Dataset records

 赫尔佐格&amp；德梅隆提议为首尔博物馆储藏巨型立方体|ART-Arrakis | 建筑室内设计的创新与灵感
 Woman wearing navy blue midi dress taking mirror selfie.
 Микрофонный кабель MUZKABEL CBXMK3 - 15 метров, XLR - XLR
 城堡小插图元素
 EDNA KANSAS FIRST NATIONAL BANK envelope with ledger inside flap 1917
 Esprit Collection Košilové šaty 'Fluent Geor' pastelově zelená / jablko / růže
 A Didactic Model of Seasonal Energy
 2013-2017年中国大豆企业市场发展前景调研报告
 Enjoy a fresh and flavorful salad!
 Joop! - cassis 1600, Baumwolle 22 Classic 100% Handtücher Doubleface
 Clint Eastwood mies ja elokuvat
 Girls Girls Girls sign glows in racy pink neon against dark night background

EXERCISE
The answer consists of every entry, returned exactly.

RESPONSE
 赫尔佐格&amp；德梅隆提议为首尔博物馆储藏巨型立方体|ART-Arrakis | 建筑室内设计的创新与灵感
 Woman wearing navy blue midi dress taking mirror selfie.
 Микрофонный кабель MUZKABEL CBXMK3 - 15 метров, XLR - XLR
 城堡小插图元素
 EDNA KANSAS FIRST NATIONAL BANK envelope with ledger inside flap 1917
 Esprit Collection Košilové šaty 'Fluent Geor' pastelově zelená / jablko / růže
 A Didactic Model of Seasonal Energy
 2013-2017年中国大豆企业市场发展前景调研报告
 Enjoy a fresh and flavorful salad!
 Joop! - cassis 1600, Baumwolle 22 Classic 100% Handtücher Doubleface
 Clint Eastwood mies ja elokuvat
 Girls Girls Girls sign glows in racy pink neon against dark night background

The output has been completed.